Climate change begets global risks and conditions that threaten the lifestyles of the population through various means. As the planet warms from the excess of greenhouse gases in the atmosphere, temperatures also rise, which can bring about negative effects to all corners of the Earth. As such, New York is not exempt from the devastation of climate change. The biggest risks and threats New York faces are extreme heat and inland and coastal flooding, among others. The importance of climate change mitigation is underscored by these threats as they affect all people indiscriminately.
The duration of stagnant summer weather in New York has increased by as much as 11 days since 1973, while mosquito season duration has increased to 100 days, up from 70 days on average per year in the 1980s. “Danger days”, defined as days in which the heat index registers above 105 degrees, such as in cities like Buffalo, are projected to increase to 15 days by 2050, increasing from just 1 day in 2000. Over half a million people living in New York are especially vulnerable to the extreme heat that climate change may bring about, with New York currently averaging less than 5 danger days currently. Urban heat islands are also manifesting, as summer heat in the city is up to 20 degrees hotter than in nearby rural areas. Temperature averages are following suit, expected to increase by about one degree in the span of 30 years.
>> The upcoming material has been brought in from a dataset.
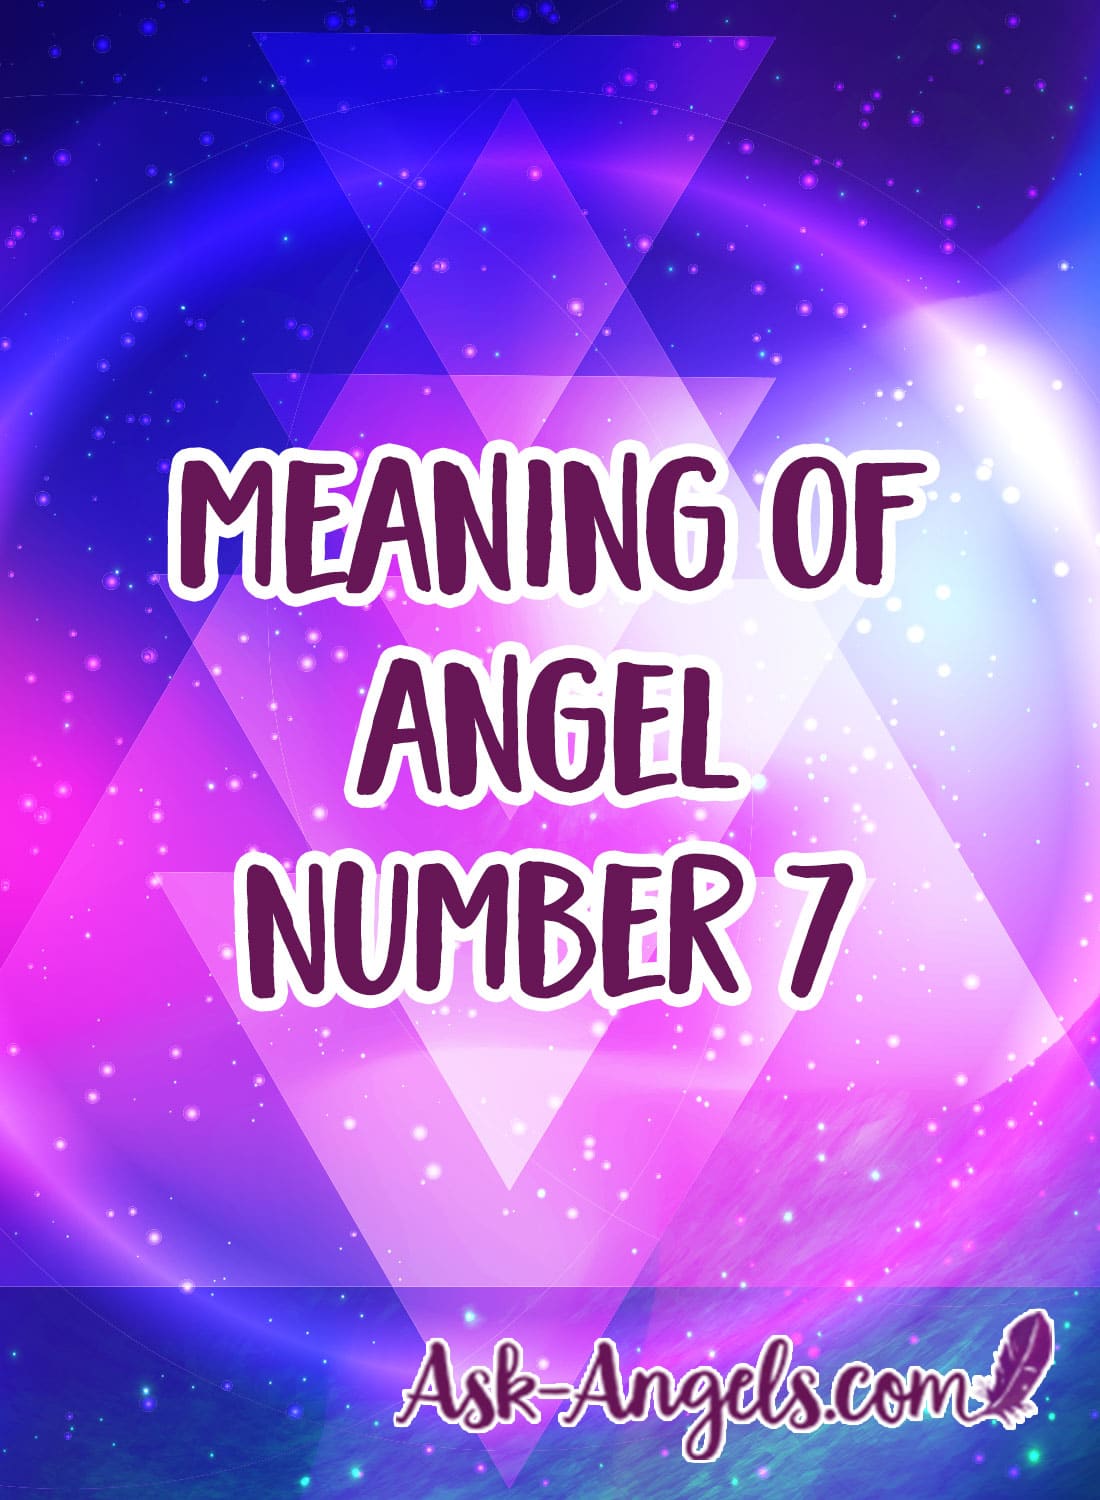 천사 번호 7 의 의미

By 2050, summer drought intensity is projected to more than double in New York, whereas rain precipitation will be more prevalent than snow in the winter.
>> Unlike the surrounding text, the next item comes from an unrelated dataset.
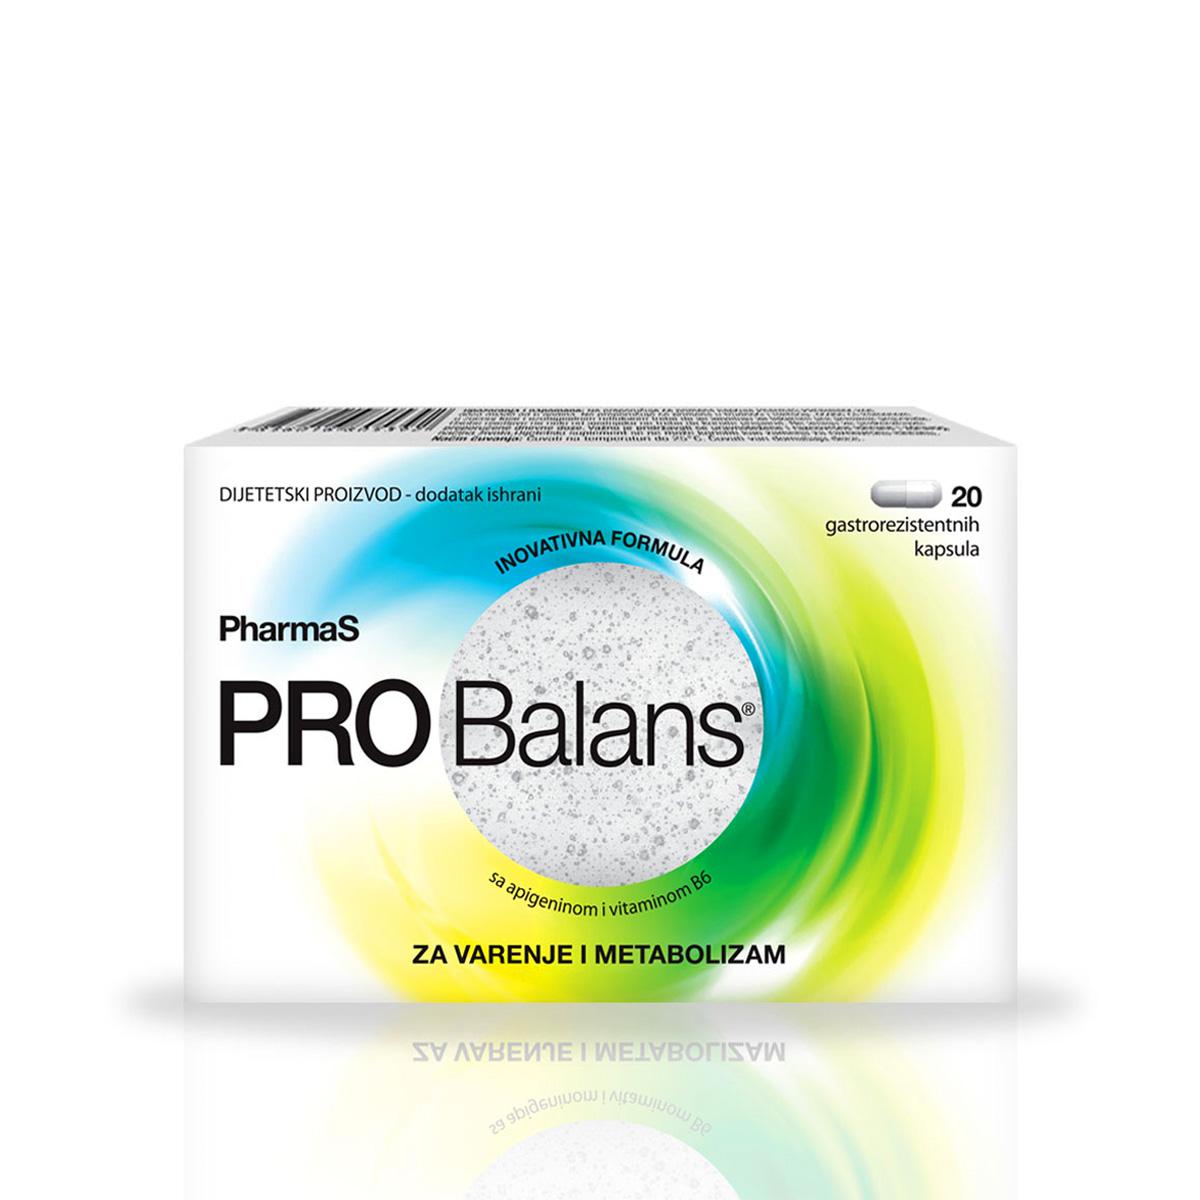 Selected image for PHARMAS Probiotik za varenje i metabolizam PROBalans 20/1 120469

Heavy precipitation frequencies are increasing throughout the country, although in New York, heavy downpours have increased by over 70% since 1958. Because over 240,000 people in New York live in areas at risk of inland flooding, this will prove problematic. Inland flooding percentages are expected to increase by 20% by 2050. Roughly 431,000 people in New York are alternatively at risk of coastal flooding with an additional 228,000 projected to be at risk by year 2050 due to sea-level rise. Interestingly enough, nearly 80% of total floods are caused by humans, revealing the severity of manmade disasters in this particular threat. Stronger and more frequent storms are persisting during the Atlantic hurricane season which directly affects flooding and other adverse conditions. For example, Hurricane Sandy caused nearly 11 billion gallons of sewage overflow in New York when it landed in 2012.
Sea-level rise also serves as a large threat in New York and has been a cause for concern for a long time. Sea-level rise attributed to climate change along the coast of New York City is estimated to rise from between 1 to 3 ½ feet by 2080, with storm surges increasing by as much as 15 feet. Due to this, widespread coastal flooding, along with other undesirable conditions and effects, are predicted to occur. By 2050, New York is expected to have 150 square miles in its 100-year coastal floodplain wherein the probability of experiencing a flood in a single year is greater than or equal to 1%. This is a 50% increase from New York’s current 100 square mile 100-year floodplain.
Climate change is an international issue that not only affects the current global population, but future generations as well. Several risks and threats around the world persist and will worsen due to climate change and will devastate the humankind’s way of life. New York specifically finds itself faced with many adverse problems, such as extreme heat, droughts, flooding, et al. Therefore, climate change mitigation efforts should be taken to effectively and efficiently combat the risks brought about as a result of this crisis.